The imaged volume data which will be used for surface image generation is obtained from a set of transaxial, sagittal, coronal, or oblique slice images. Prior to the generation of the surface images, processing operations should be performed.
To improve the resolution of acquired data the maximum possible matrix size both for data acquisition and processing is used. The visual quality of the surface images improves as the voxel size decreases. Therefore, a 128 x 128 resolution acquisition would be preferred and is used for acquiring data from organs as kidneys or thyroid gland. In practice, however, many times a 64 x 64 acquisition is used with excellent results; The use of the 64 x 64 matrix offer the advantage of reduced storage requirements and processing times. Data from organs as myocardium or lungs are usually acquired in a 64x64 matrix size.
Filters used in reconstruction are also very important for the maximum transfer of information in 3D images. The choice of the filter is dependent upon the noise characteristics of the data (Yan and Zeng 2008). Since the images depict a surface, an increased amount of smoothing may be desirable without loosing surface special features, as roughness or smoothness, which may be characteristics of an abnormality of the organ. The appearance of defects at parts of the organ that are not functioning is crucial too. Lungs emboli follow up by imaging, for the perfusion improving or renal pelvis imprint are signs for the diagnosis and must be emerged in surface 3D images. A good general purpose filter for this application is the Hanning 0.8 prefilter, with a ramp backprojection filter. For high resolution data such as thyroid studies, a Butterworth filter which passes more of the middle frequencies can be used.

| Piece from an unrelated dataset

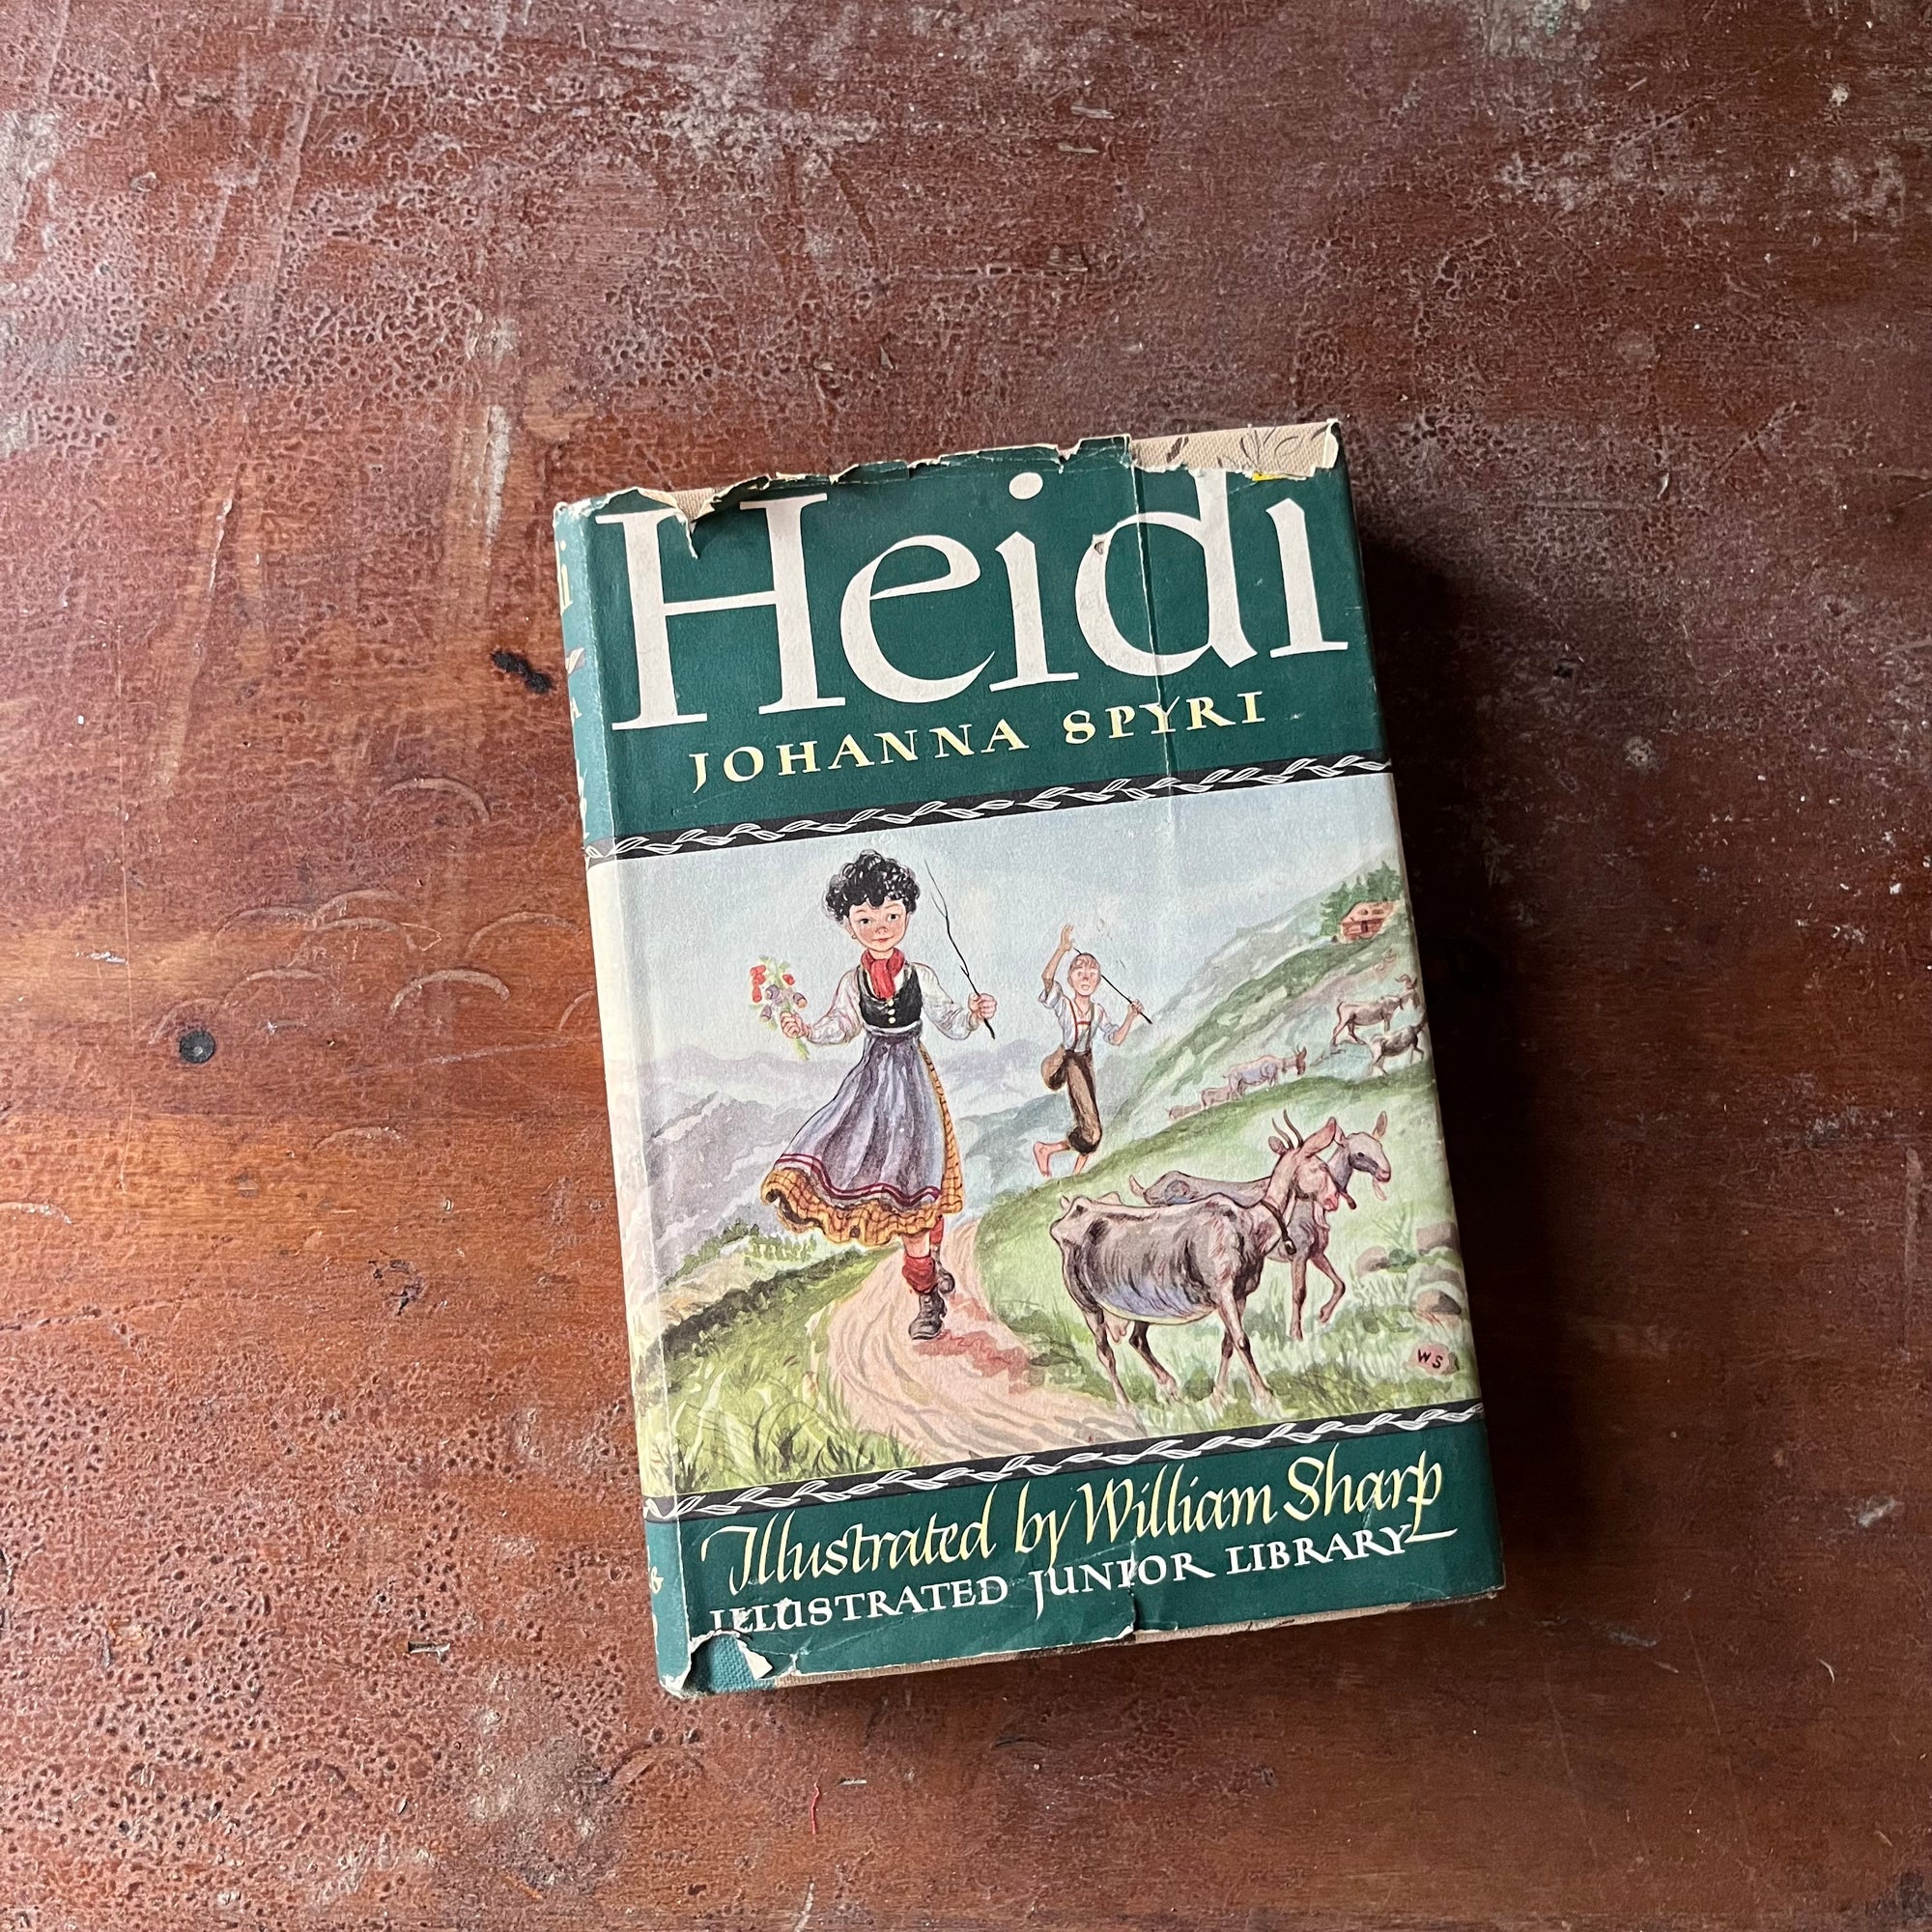 Illustrated Junior Library Editions-Heidi by Johanna Spyri with illustrations by William Sharp-vintage children's classic literature-view of the dust jacket's front cover with an illustration of Heidi with goats

Zoomed reconstruction technique is used to perform a 3D zoom in the transaxial space in cases of small organs as pediatric kidneys or thyroid gland. Any tomographic slice dataset may be magnified in 3 dimensions, following reconstruction. Three dimensional magnification is recommended as it reduces the voxel size, providing improved visual image quality. Since the output images have the same resolution in pixels as the input images, magnification is limited by the possibility of excluding volumes of interest.
A magnification by a factor of 2 in all three directions is common in small organs. For example, for an initial set of 32 transaxial slices of 64x64 resolution data, as in the case of a myocardium SPECT acquisition in an 1800 arc, the portions of the transaxial images within a certain window are magnified by double. In addition, 31 new magnified transaxial slice images are created in between each of the magnified original images. The resulting dataset will contain 63 transaxial slice images of 64 x 64 data.

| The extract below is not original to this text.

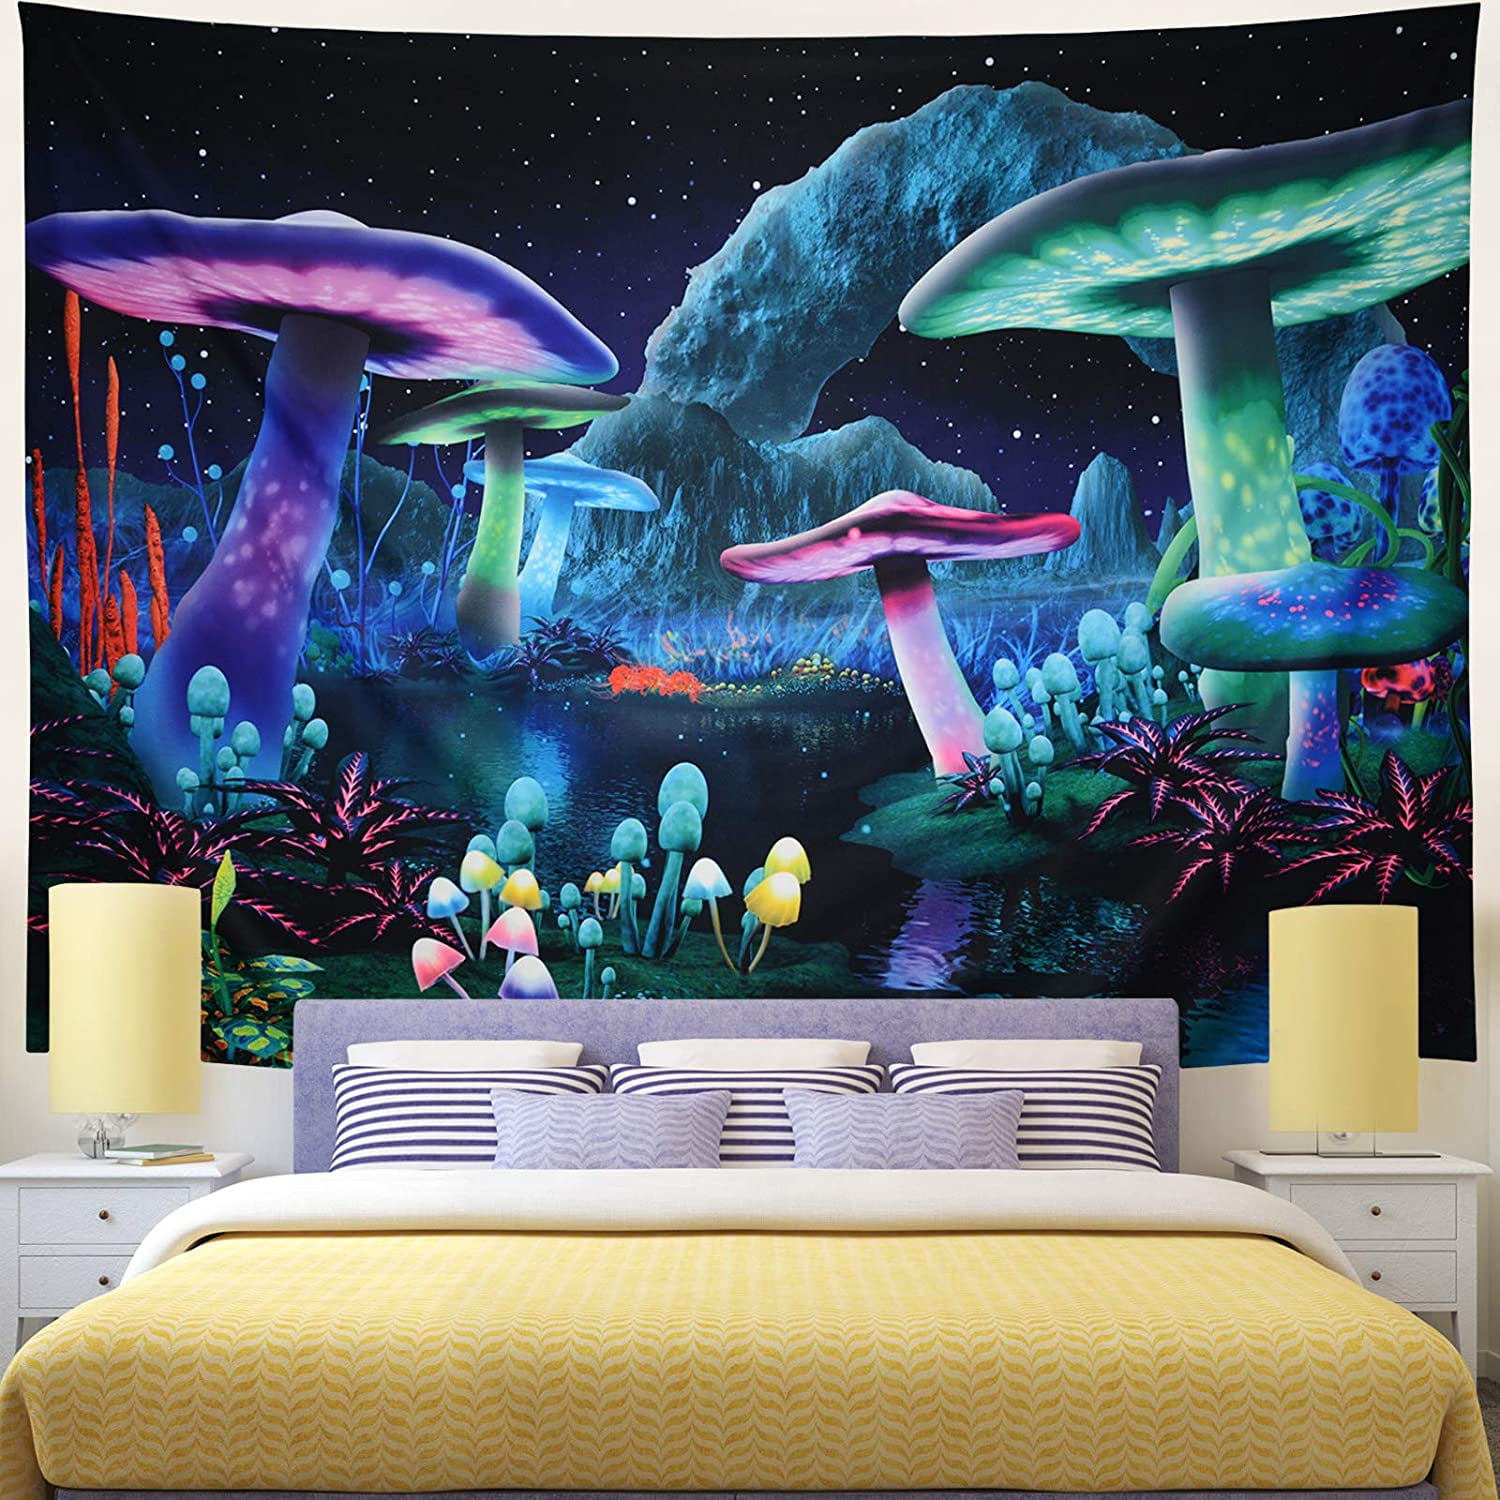 Psychedelic Music Tapestry Art Wall Hanging Sofa Table Bed Cover Poster

It is possible to magnify the set of slices which is the result of a previous magnification, to obtain an over-all magnification factor of 4. In this study, myocardium perfusion transaxial slice data is normally magnified by a factor of 2 prior to 3D surface image generation.
In cases where multiple structures exist in the imaged volume, it may be useful to remove data which does not belong to the structure of interest by selectively remove unwanted structure from the slice images by setting selected voxel values to zero. This operation has applications in lung studies, to separate the right and left lungs or in studies of the liver where the spleen may be useful to be zeroed out. It is, also, sometimes, useful to apply in kidneys 3D surface images creation, in cases that the function of the parenchyma of one kidney is very deteriorated and the maximum intensity of one kidney is lower than 50% of the other kidney. In this case, two regions of interest are defined for the two kidneys and are processed separately. Then each kidney is reconstructed, determining the threshold as percentage of the its maximum.

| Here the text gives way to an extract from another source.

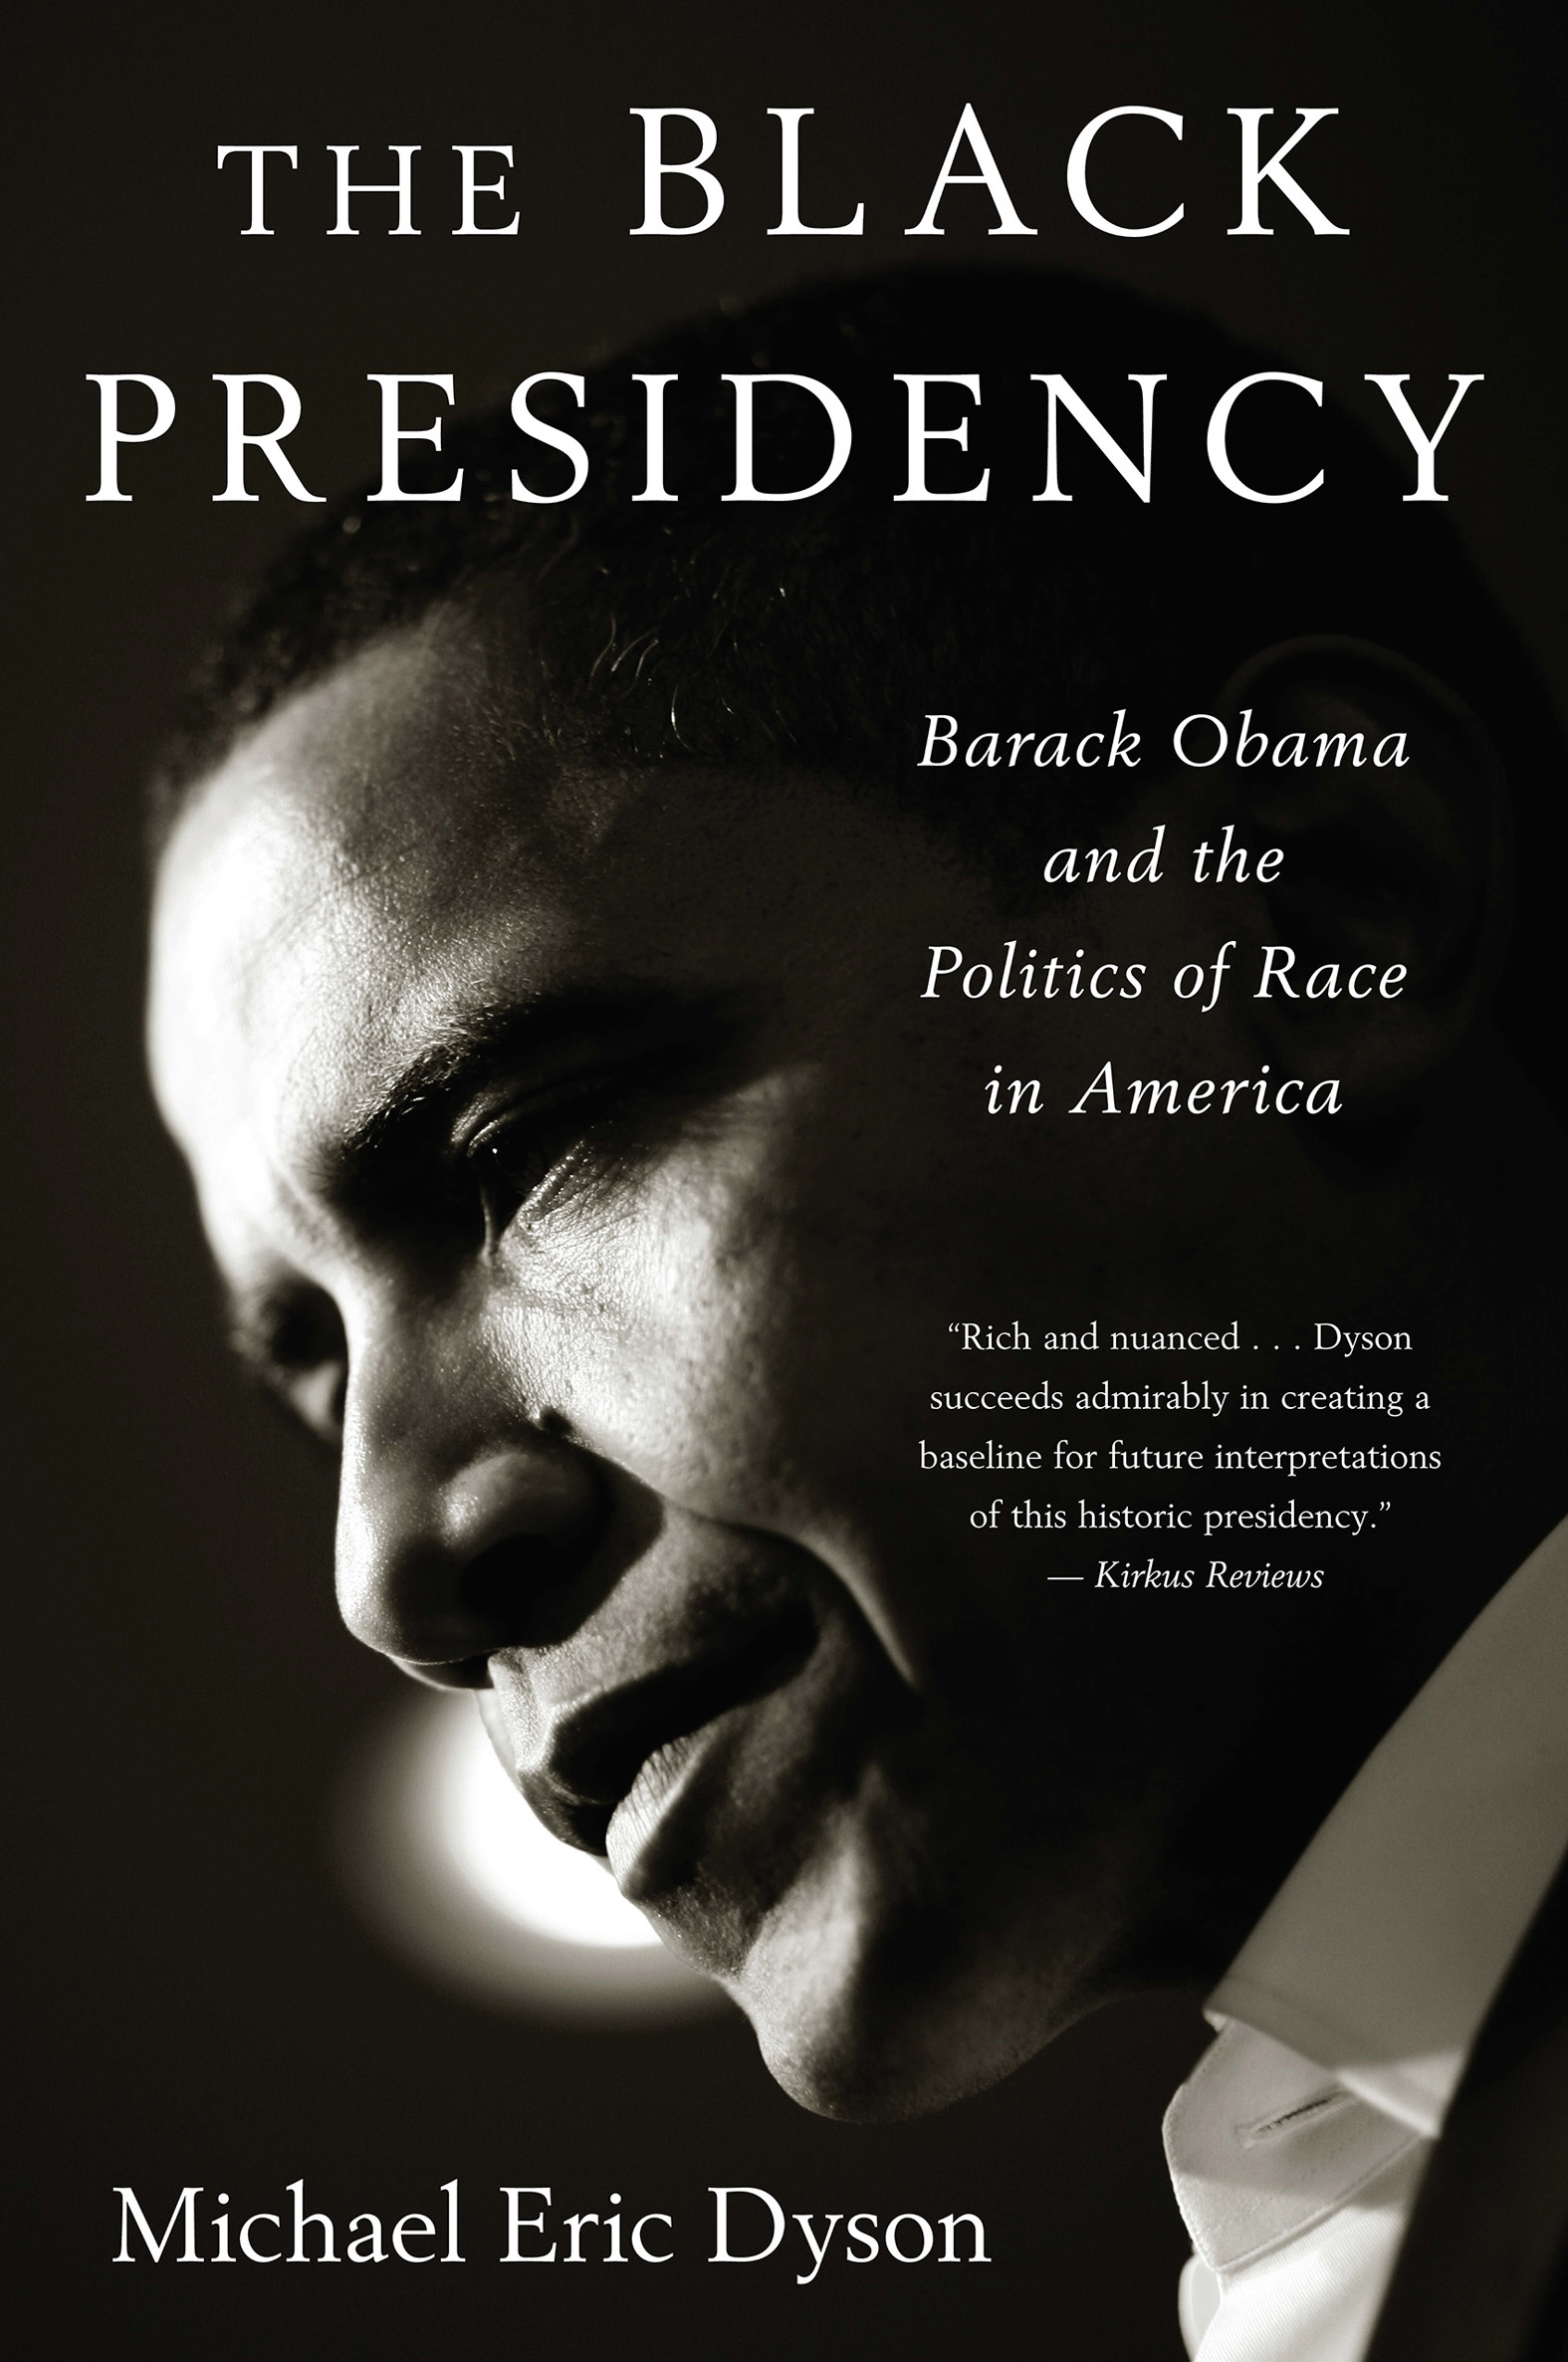 Image de couverture de The Black Presidency [electronic resource] : Barack Obama and the Politics of Race in America

3D Surface images are created from tomographic slice data in two steps in which the images are shaded. By distance shading operation, the distance shaded surface images are produced. The detection of the surfaces occurs and this accounts for most of the processing time. The surface which will be defined for display is the surface of a volume which is obtained using a calculated count threshold. This volume contains all voxels, which have count values which are above the count threshold value. The distance surface images are created to appear as if the volume is being viewed from specific viewing planes. In the creation of 3D surface images of all the studied organs, the data of transaxial slices were used; by this selection, the orientation of the organs in the body (head/up- feet/down) is kept.
A transaxial slice image is displayed, after the application of a threshold intensity/count value so that all voxels which have count values which are greater than the count threshold are white and those below are black. The outer edge of the threshold slice is the desired surface boundary. A distance surface is generated from the entire set of slices.
The 3D image which is displayed is the surface of a volume defined by count threshold. Thus, volume contains all voxels which have count values which are above the count threshold value. For ease in application, the calculated, according to equation (3) threshold level is specified as a percentage of the maximum count level in the input slice dataset.
It is helpful when determining the appropriate threshold value for a given dataset, to create multiple surface images, from one viewing plane, changing only the threshold value from one image to the next, iteratively.
Typical threshold values are usually of the order of 40%-50% for heart, lungs and liver data. For kidneys and thyroid gland data may give a different value, ranging from 30% to 50%.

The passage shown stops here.